■ **COLLECTED MATERIAL**:
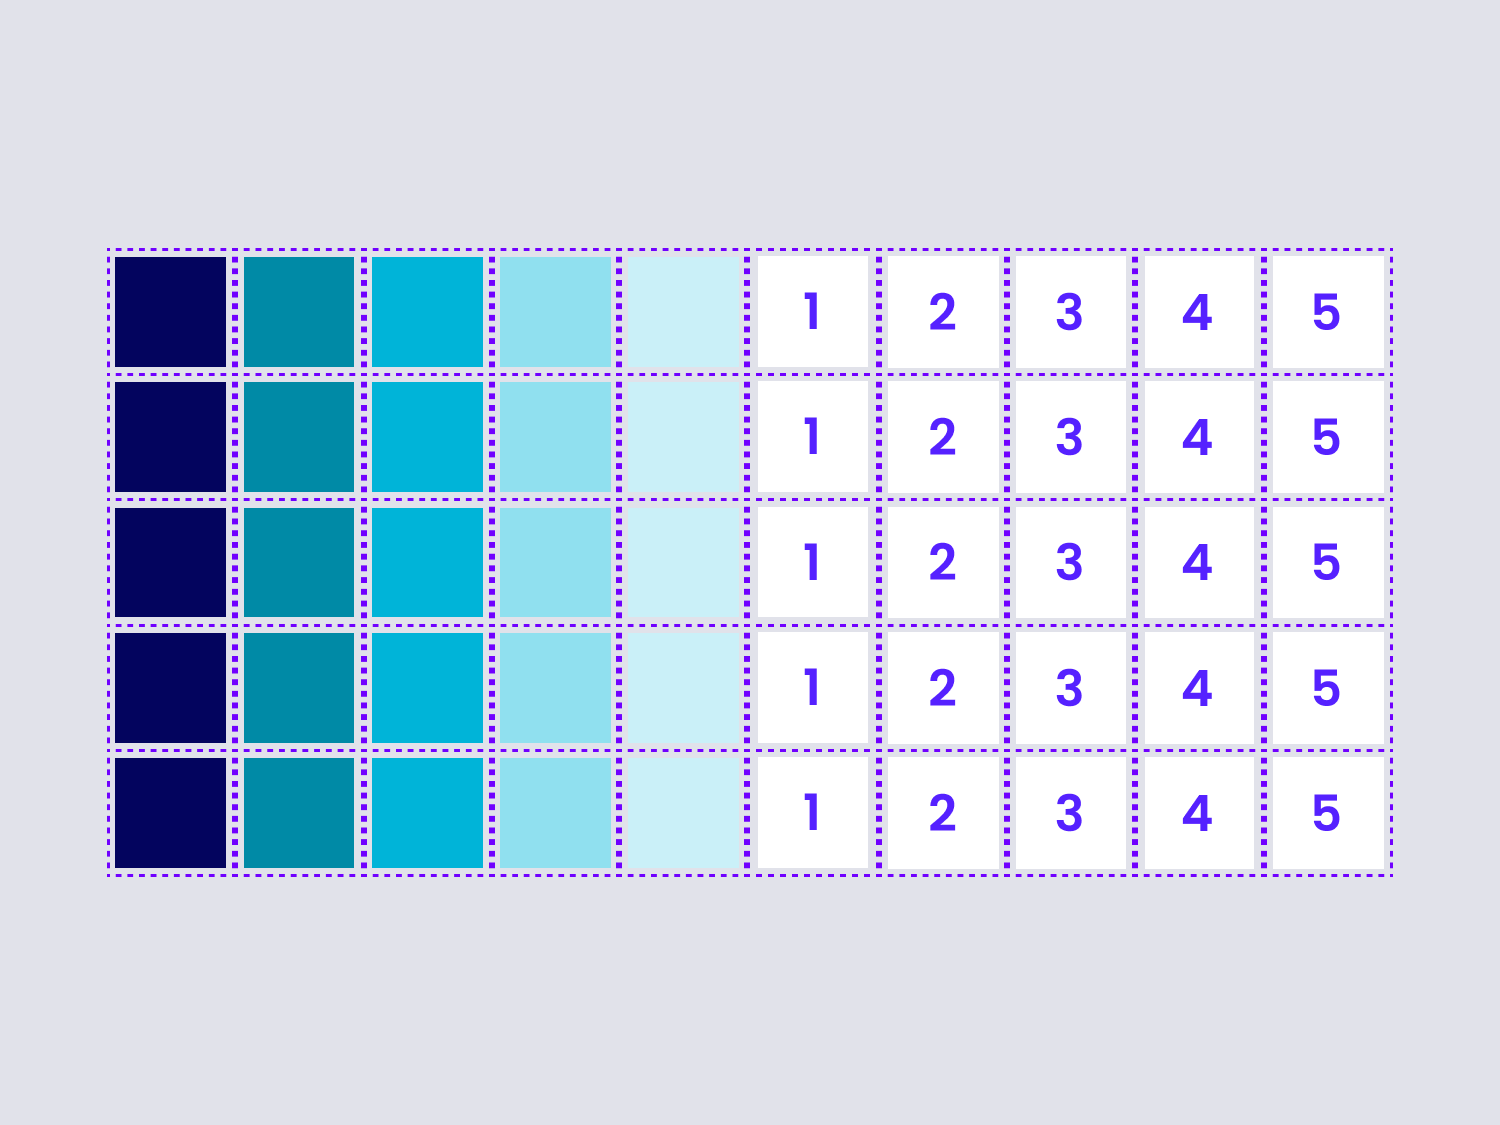 a table that illustrates PNG filters by showing a grid with colored pixels and a numerical value assigned to each one of them
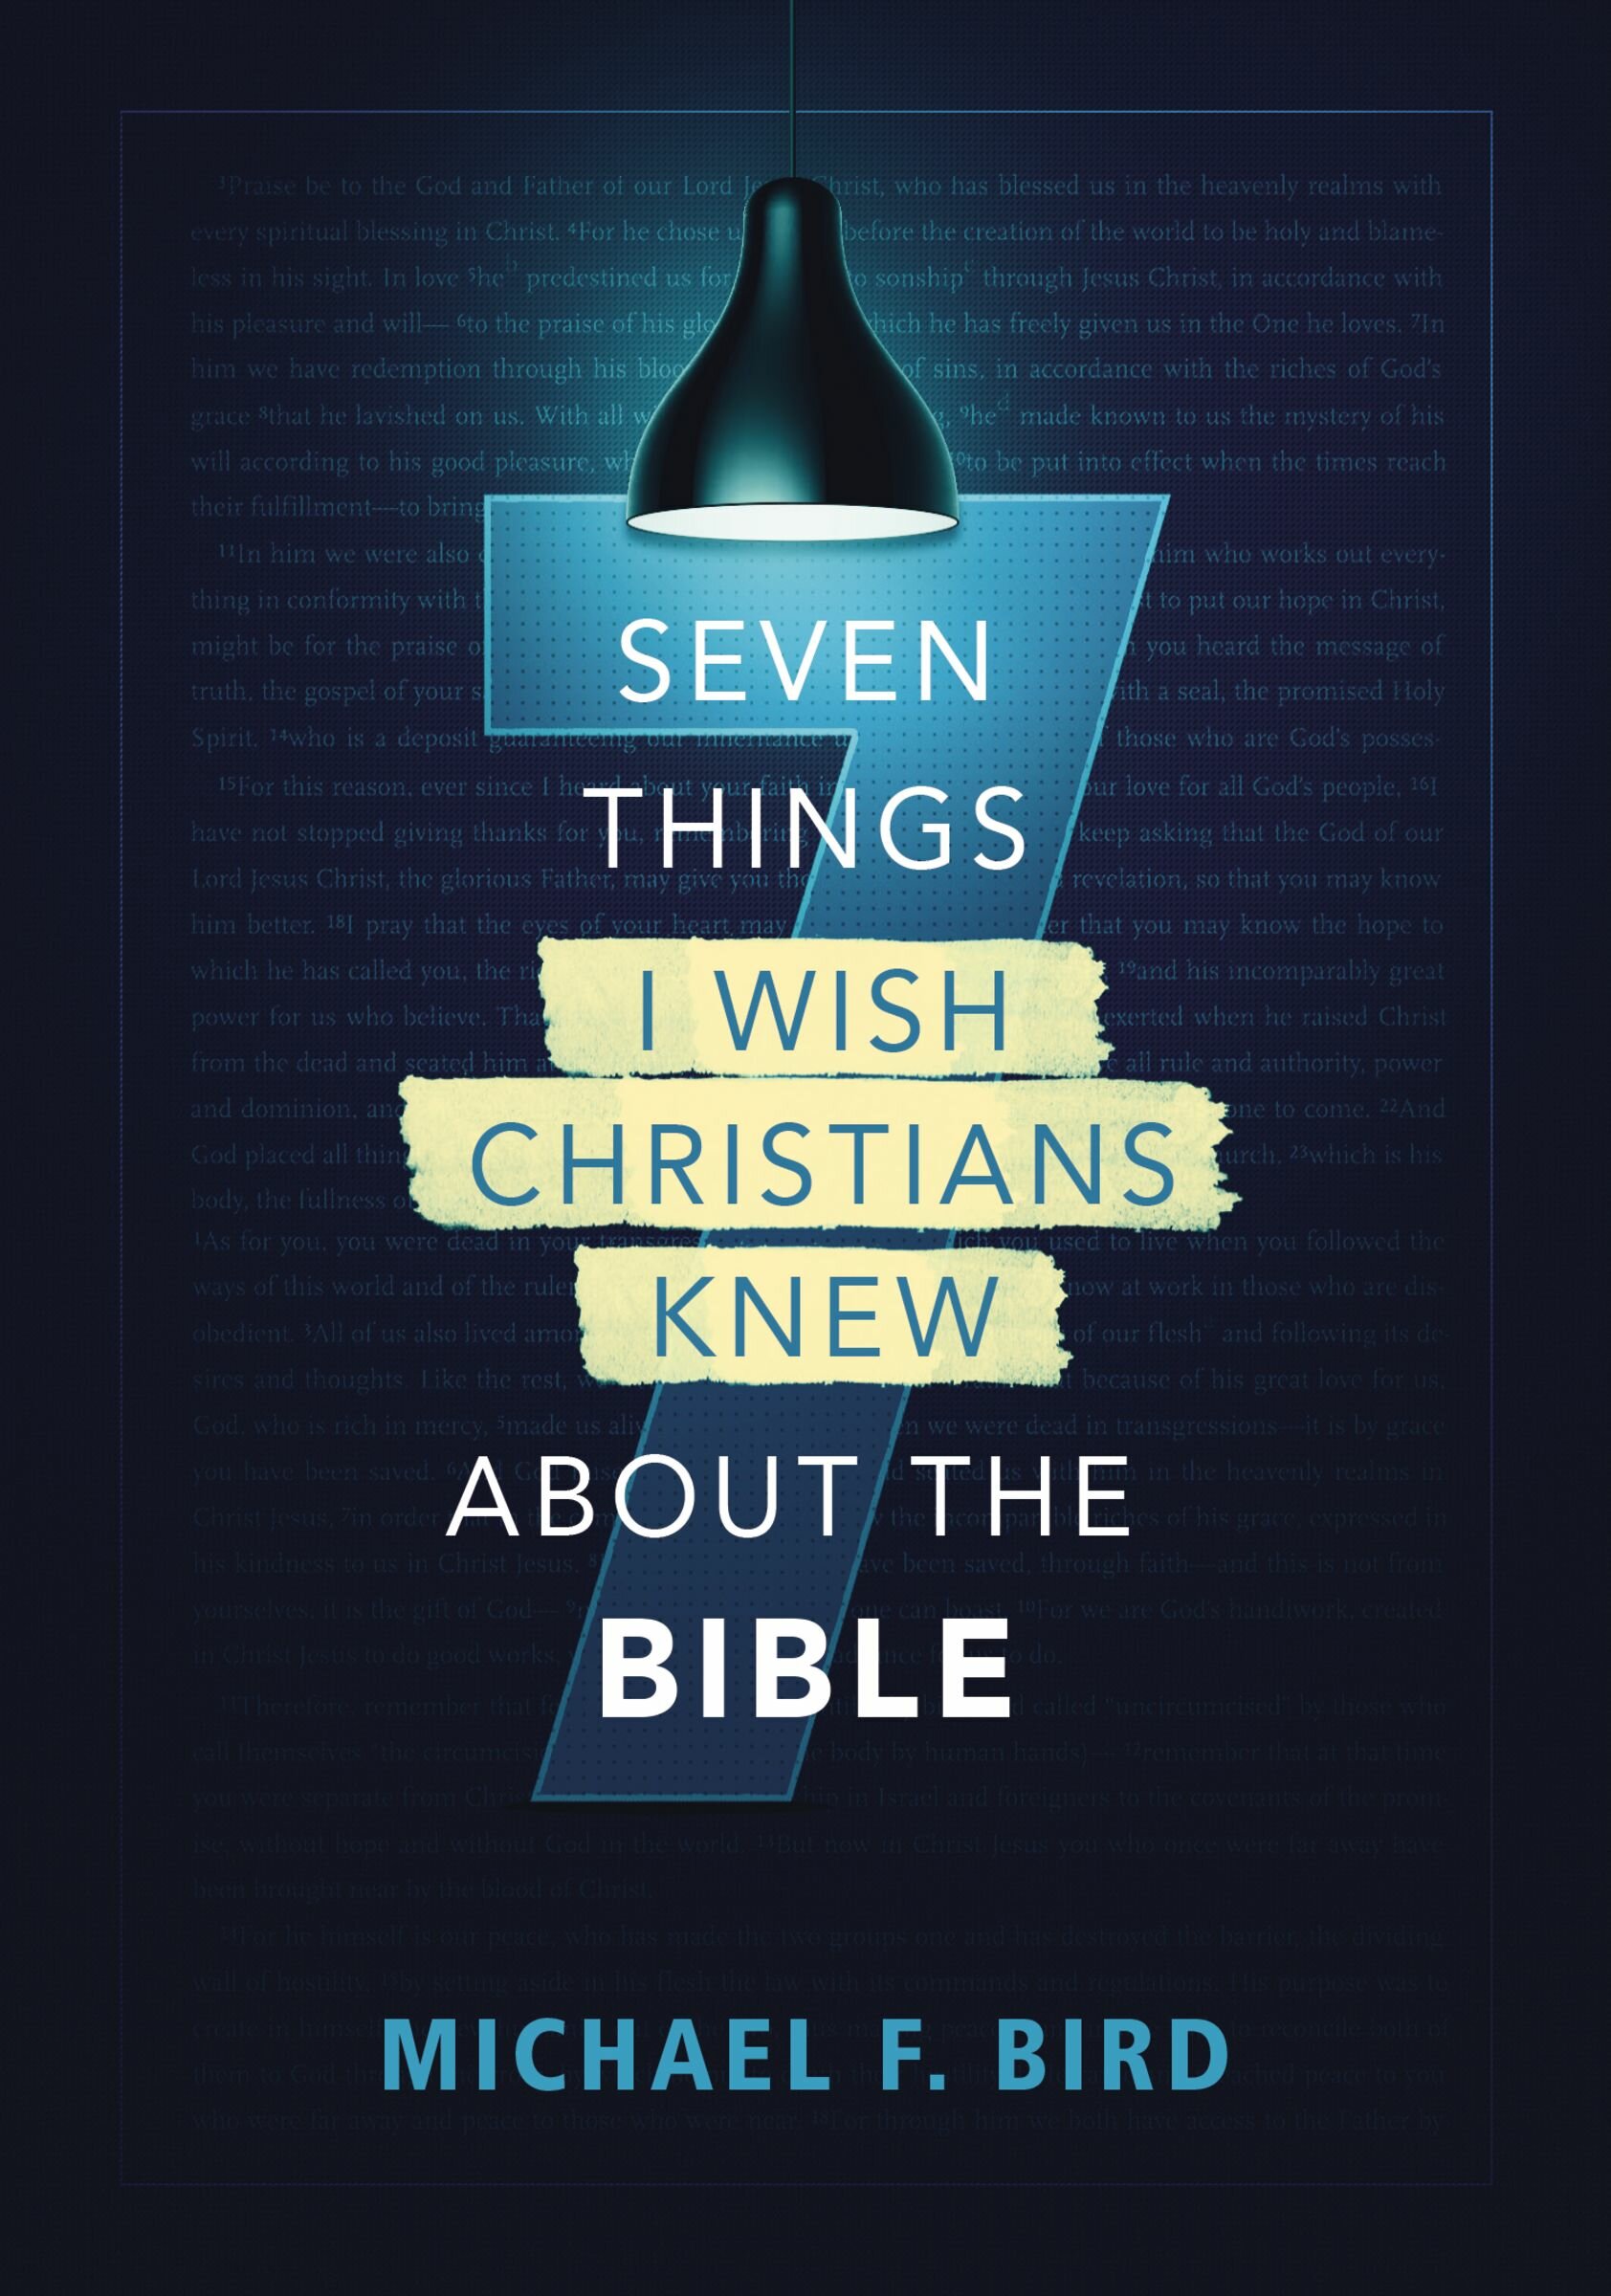 7 Things I Wish Christians Knew about the Bible
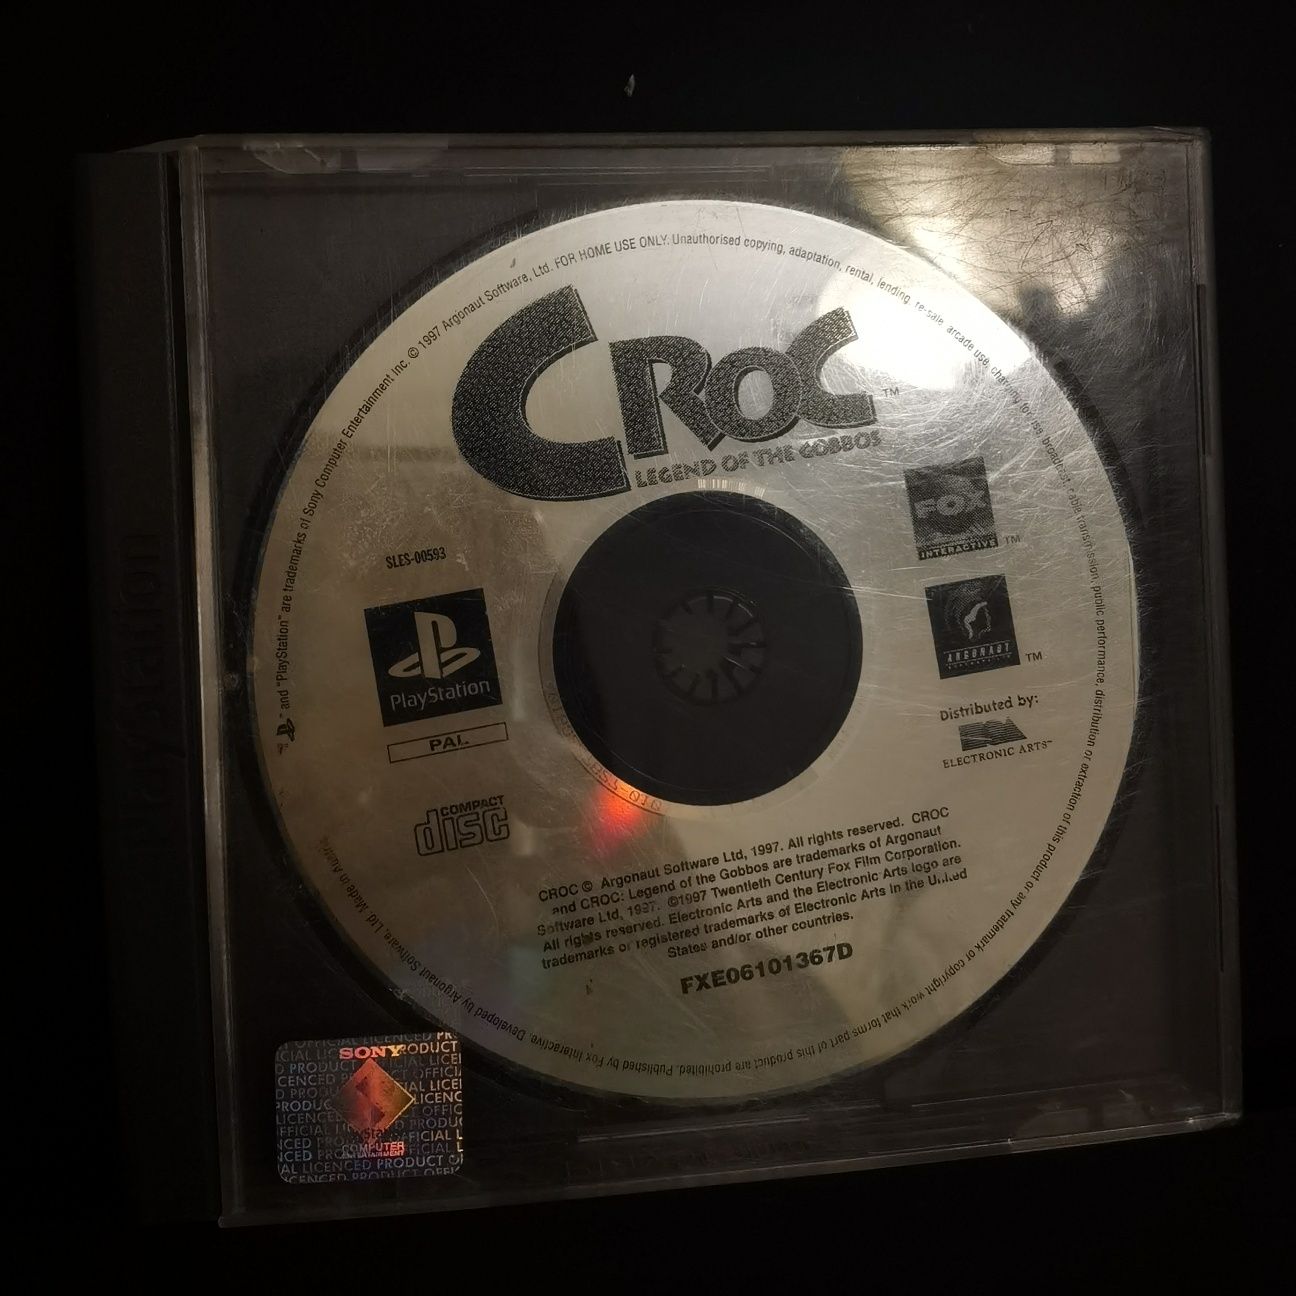 Croc Legend of the gobbos Ps1

■ **WHAT TO DO**: Give back the entire listing verbatim, without the pictures.

■ **RESULT OF THIS TASK**:
 a table that illustrates PNG filters by showing a grid with colored pixels and a numerical value assigned to each one of them
 7 Things I Wish Christians Knew about the Bible
 Croc Legend of the gobbos Ps1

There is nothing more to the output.